__PROBLEM TO WORK ON__:
To complete this task, print all the data below exactly but leave out the images.

[DATA Boundary: Start]

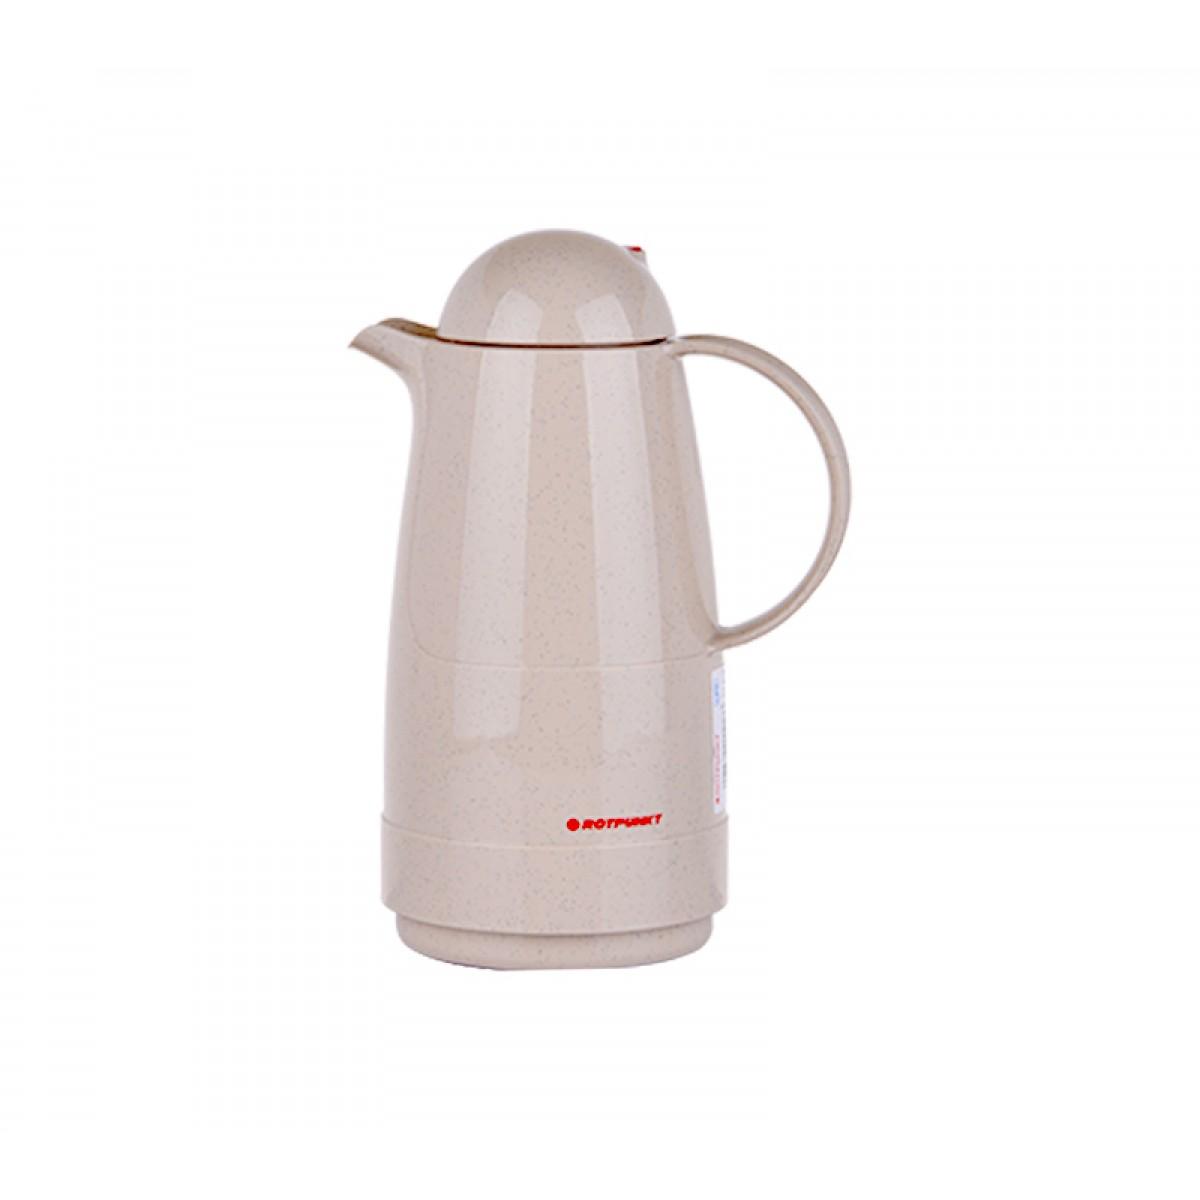 روتبونت ترمس شاي وقهوة بلاستيك الماني ,0.5 لتر ,الوان
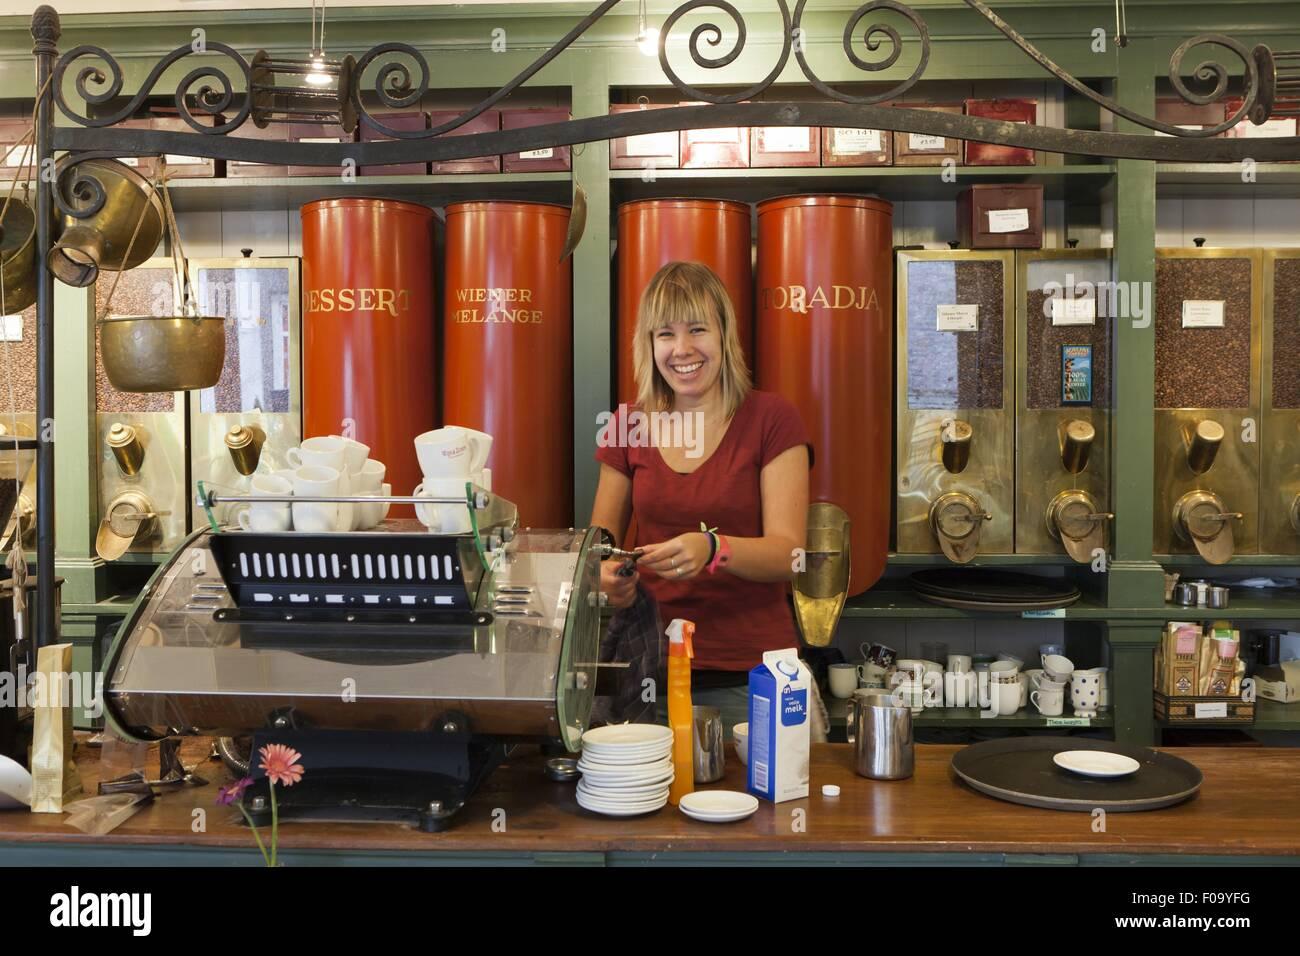 Woman working in Wijs & Zonen Koffie en Thee, Zeedijk, Amsterdam, Netherlands - Stock Image
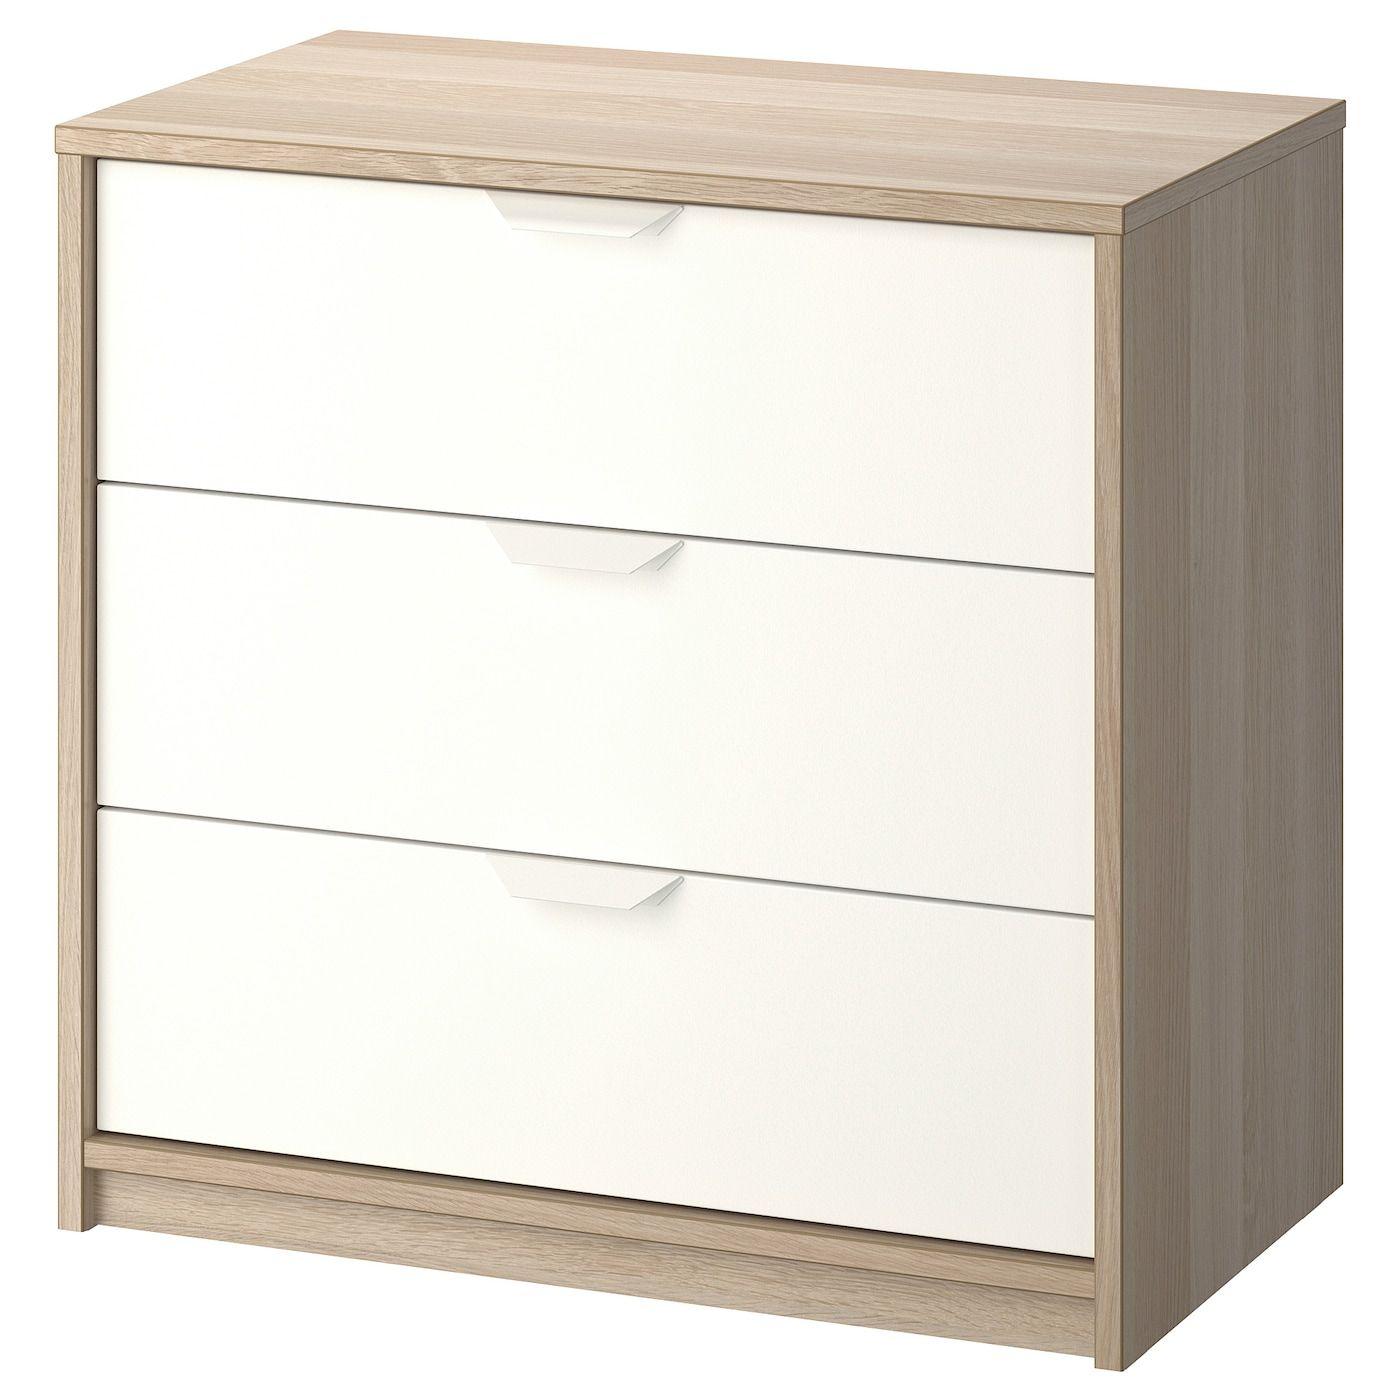 Askvoll Kommode Mit 3 Schubladen Eicheneff Wlas Weiss Ikea

[DATA Boundary: End]

__ANSWER FOR THIS EXERCISE__:
 روتبونت ترمس شاي وقهوة بلاستيك الماني ,0.5 لتر ,الوان
 Woman working in Wijs & Zonen Koffie en Thee, Zeedijk, Amsterdam, Netherlands - Stock Image
 Askvoll Kommode Mit 3 Schubladen Eicheneff Wlas Weiss Ikea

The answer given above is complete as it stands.